Final Training Runs Account for a Minority of R&D Compute Spending

Understanding how AI firms allocate compute reveals a hidden layer of expense that most industry reports overlook. While headlines often cite the massive GPU hours required to train a flagship model, the bulk of spend actually fuels a relentless cycle of scaling experiments, synthetic data creation, and prototype training that never reaches production. This exploratory phase consumes the majority of the budget, as shown by OpenAI’s $5 billion R&D outlay in 2024, of which only a tenth funded the final GPT‑4.5 run. The same dynamic appears in smaller Chinese players, where total R&D budgets of $141 million (MiniMax) and $216 million (Z.ai) are largely devoted to non‑final work.

The distinction matters for policymakers and investors alike. Compute‑based thresholds used to gauge AI risk or to set regulatory caps often assume that the headline training cost reflects total development expense. By ignoring the extensive exploratory spend, such metrics can dramatically underestimate the resources required to bring a model from concept to market, leading to lax oversight or mispriced investment risk. Moreover, the heavy front‑loading of experimentation creates a barrier to entry: newcomers must either replicate costly trial‑and‑error cycles or find ways to shortcut them by learning from frontier firms.

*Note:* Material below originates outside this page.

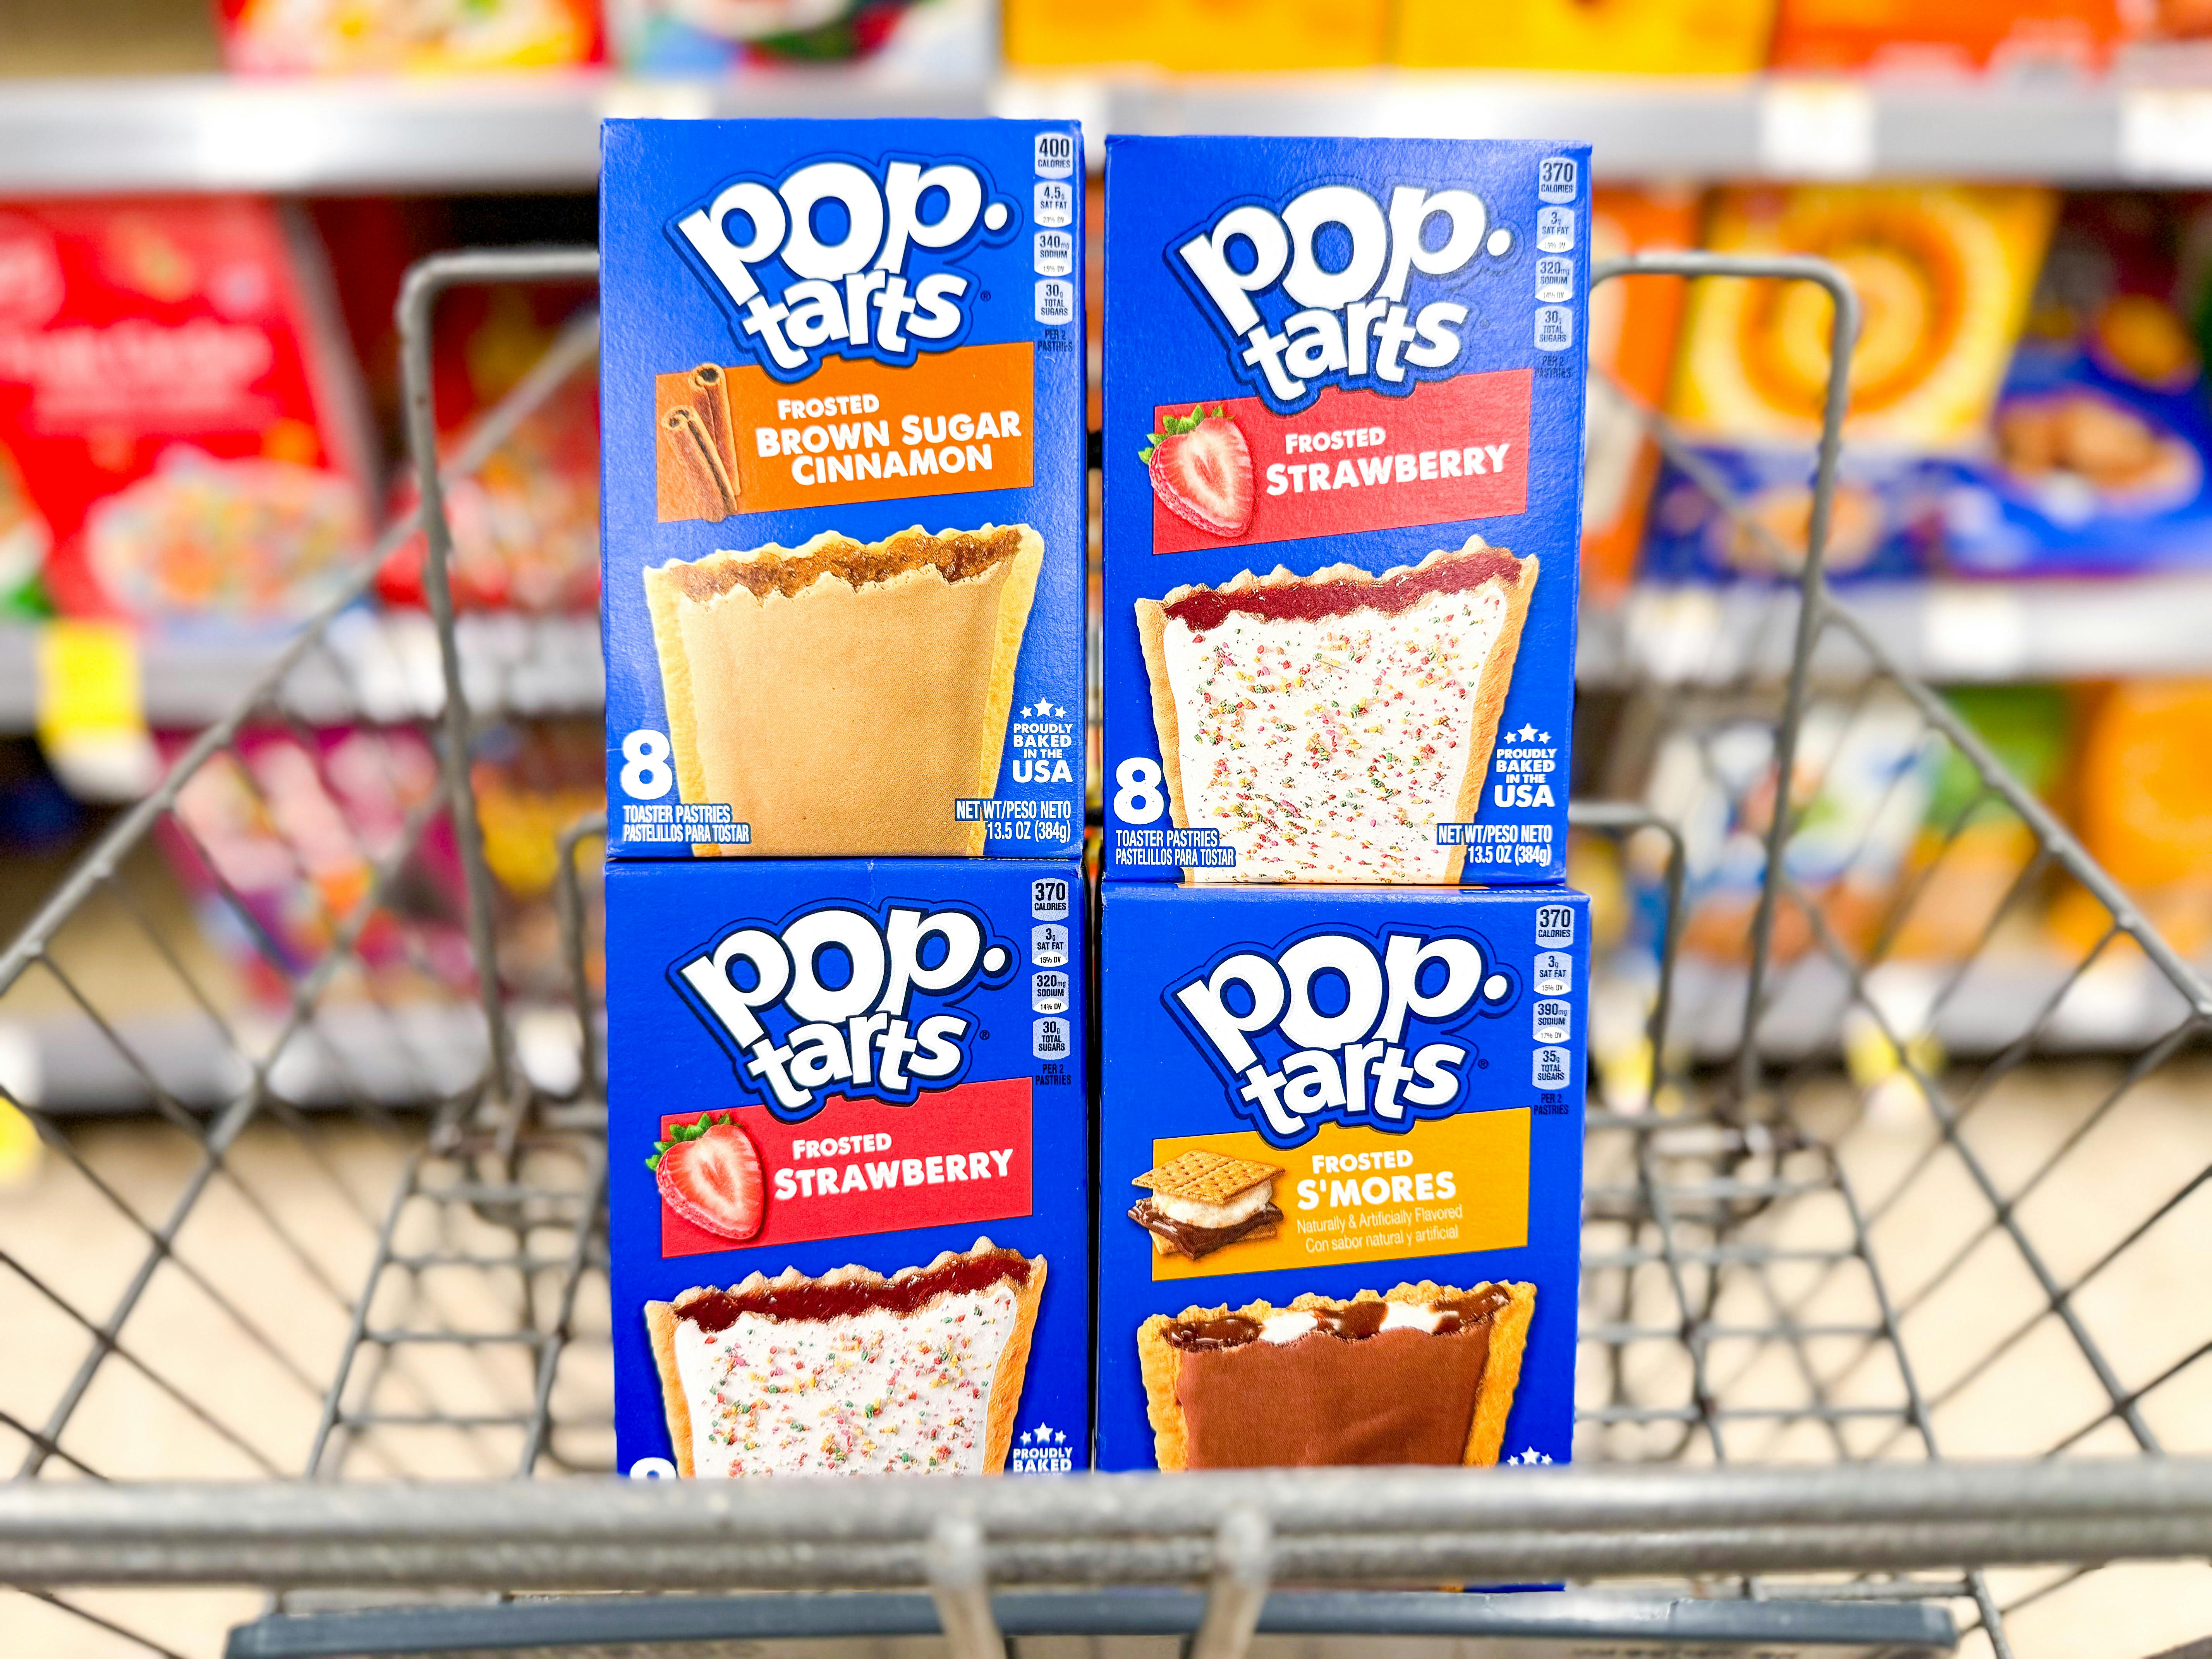 Buy One Get One Free Box of Pop Tarts at Walgreens - The Krazy Coupon Lady

A key question is whether lagging firms can reduce their exploratory overhead by borrowing insights from leaders—a hypothesis known as the catch‑up effect. MiniMax’s higher training‑to‑R&D ratio hints that it may be leveraging frontier knowledge to focus more on final runs, whereas Z.ai’s ratio mirrors OpenAI’s, suggesting a less efficient learning curve. However, with only three data points and wide confidence intervals, the evidence remains tentative. Expanding the dataset through more IPO disclosures or voluntary reporting will be essential to confirm whether knowledge diffusion truly compresses R&D compute for emerging competitors.